(INFORMATION SHOWN)
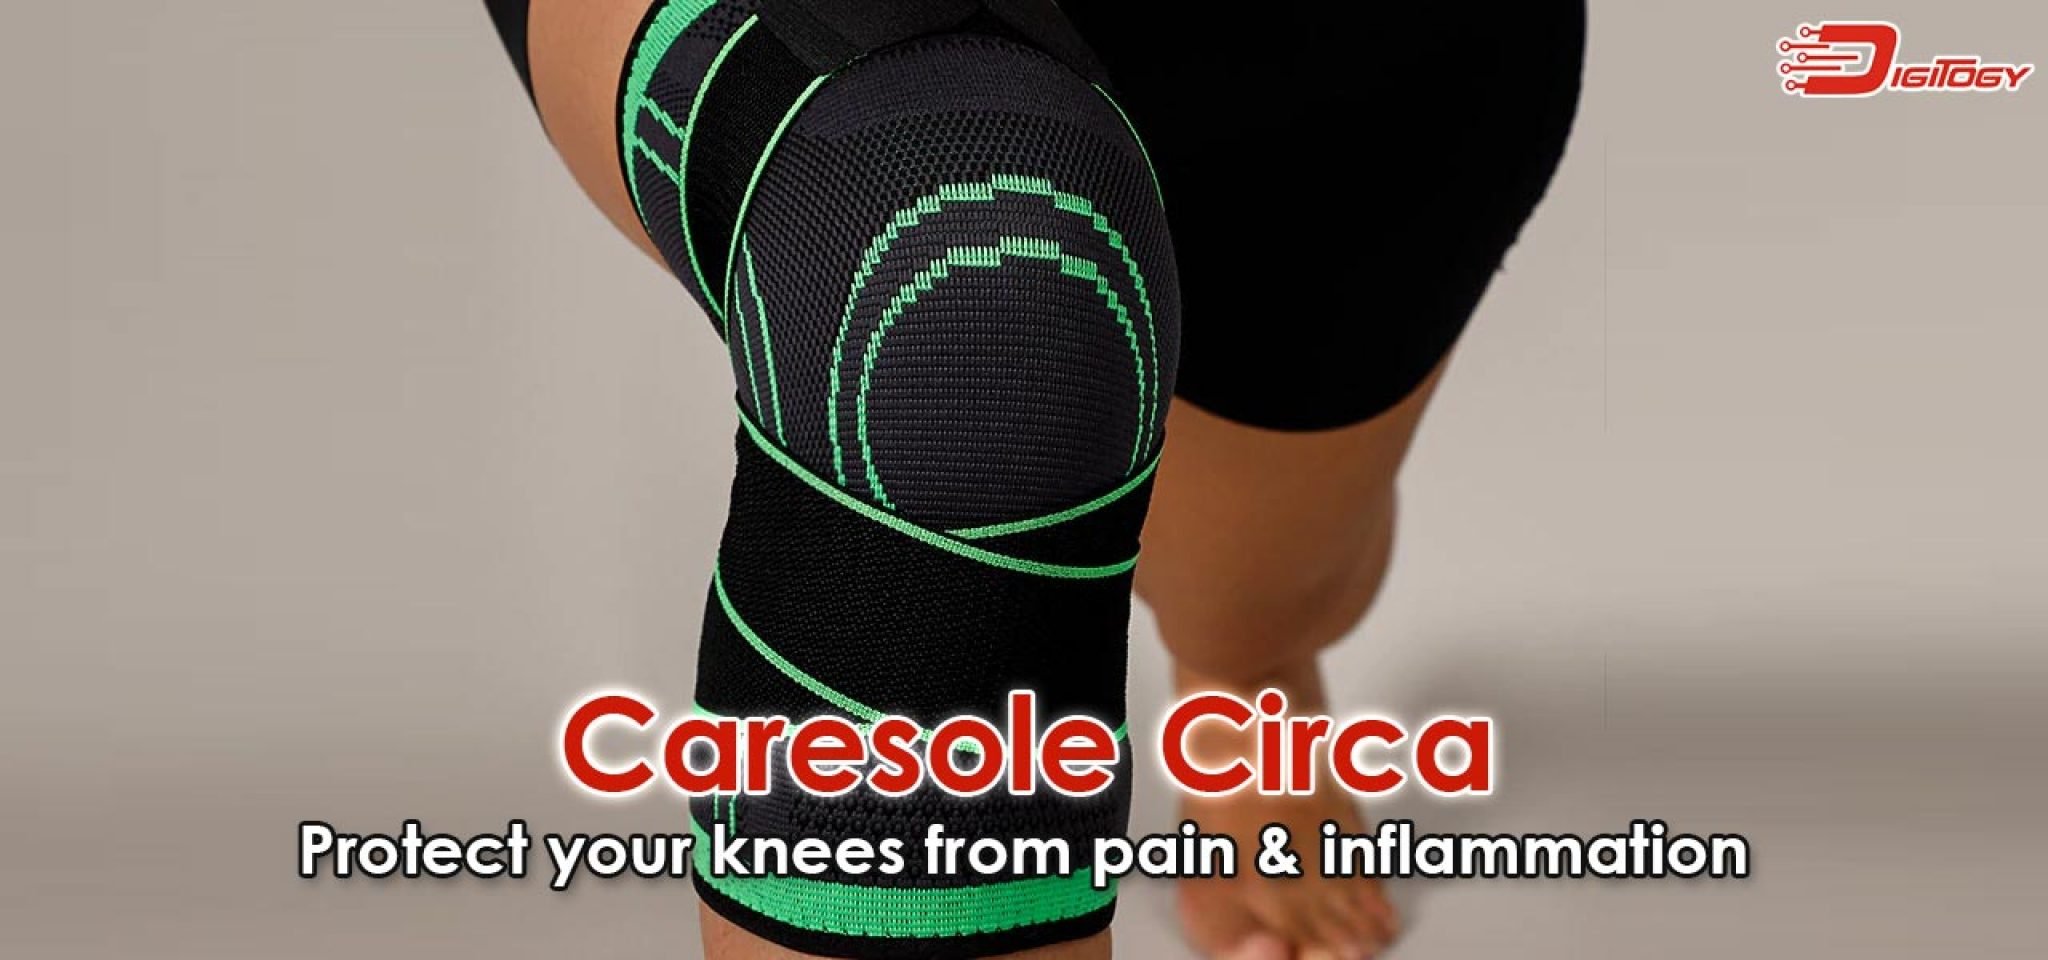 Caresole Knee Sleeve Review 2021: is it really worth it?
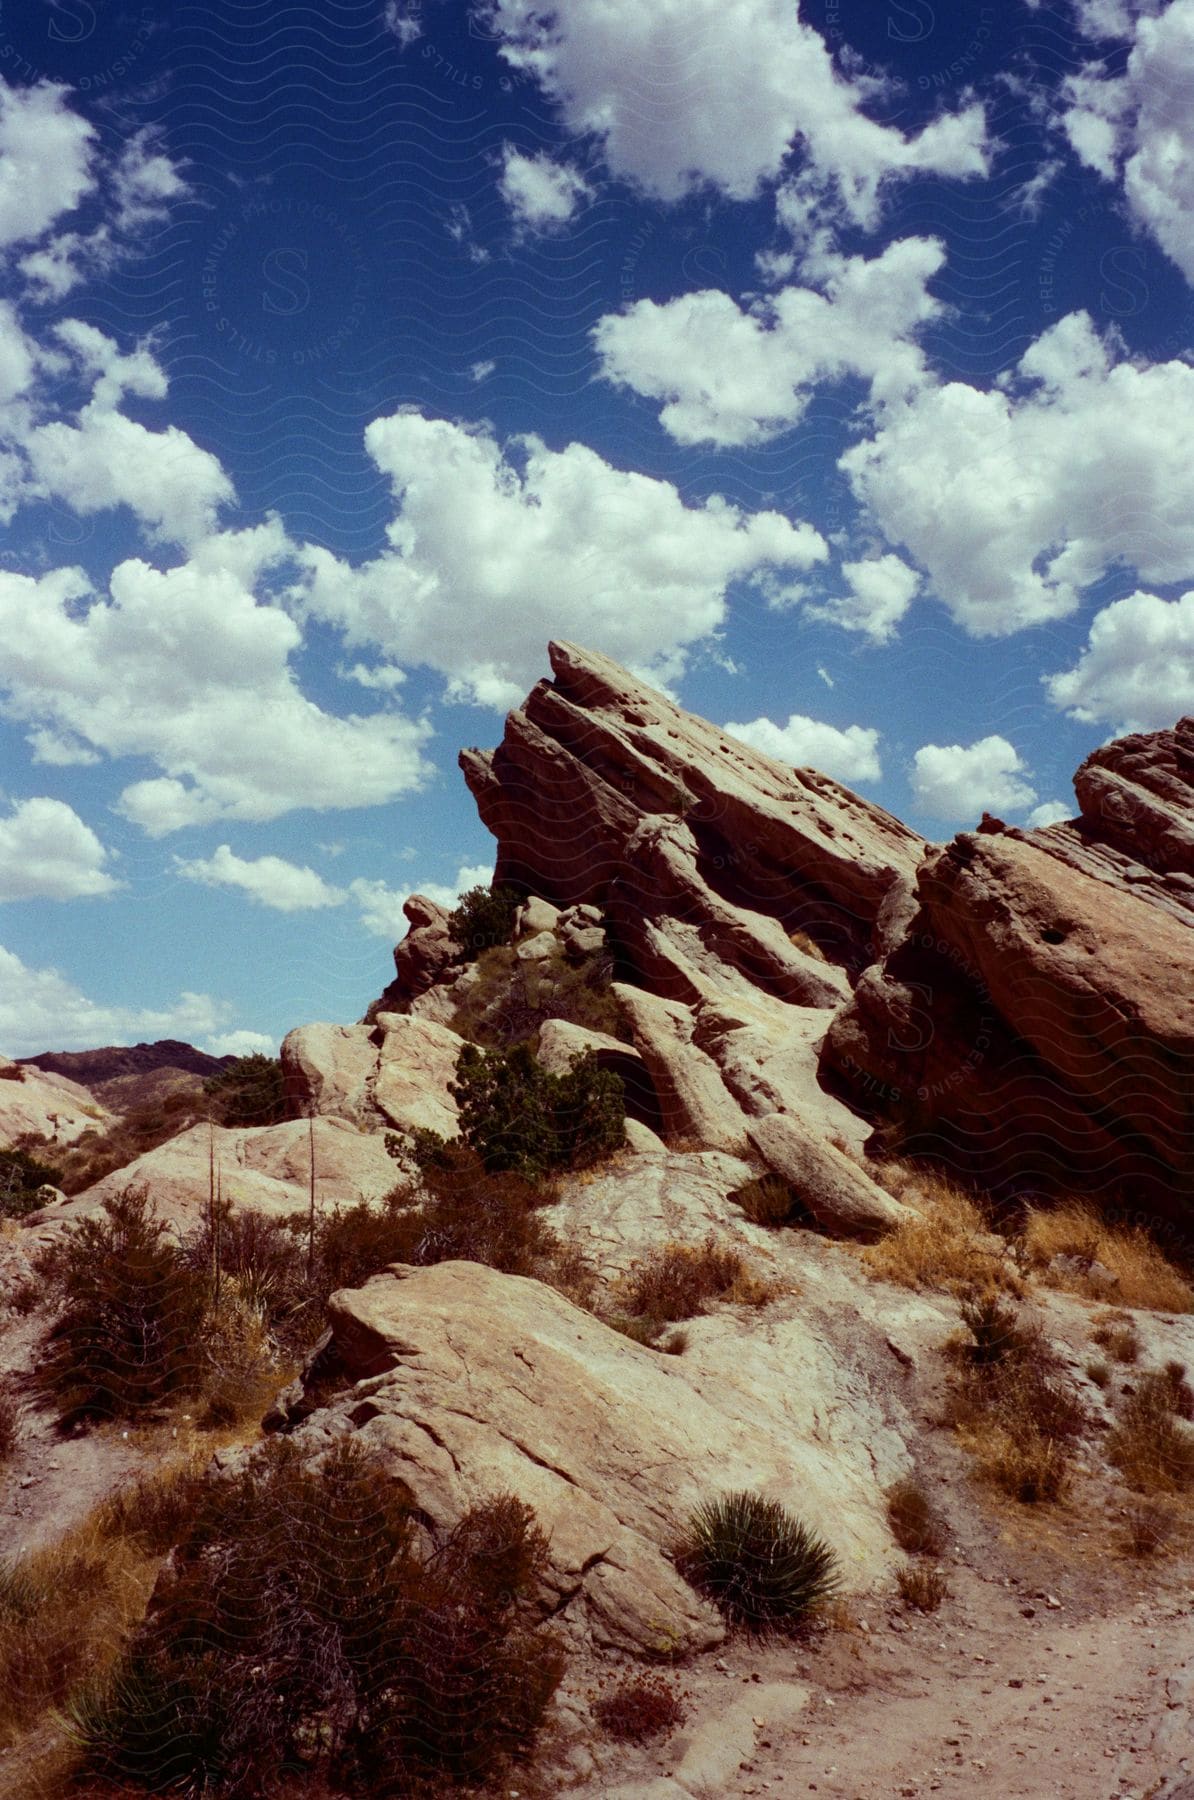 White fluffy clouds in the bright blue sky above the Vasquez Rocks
(End INFORMATION SHOWN)
(INFORMATION SHOWN)
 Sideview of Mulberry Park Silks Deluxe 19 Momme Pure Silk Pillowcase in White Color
(End INFORMATION SHOWN)
*YOUR GOAL:*
Out of the records above, set down only the lines from the one that contains "Caresole Knee Sleeve" through the one that contains "White fluffy clouds", unchanged and without the pictures.

*TASK ANSWER:*
 Caresole Knee Sleeve Review 2021: is it really worth it?
 White fluffy clouds in the bright blue sky above the Vasquez Rocks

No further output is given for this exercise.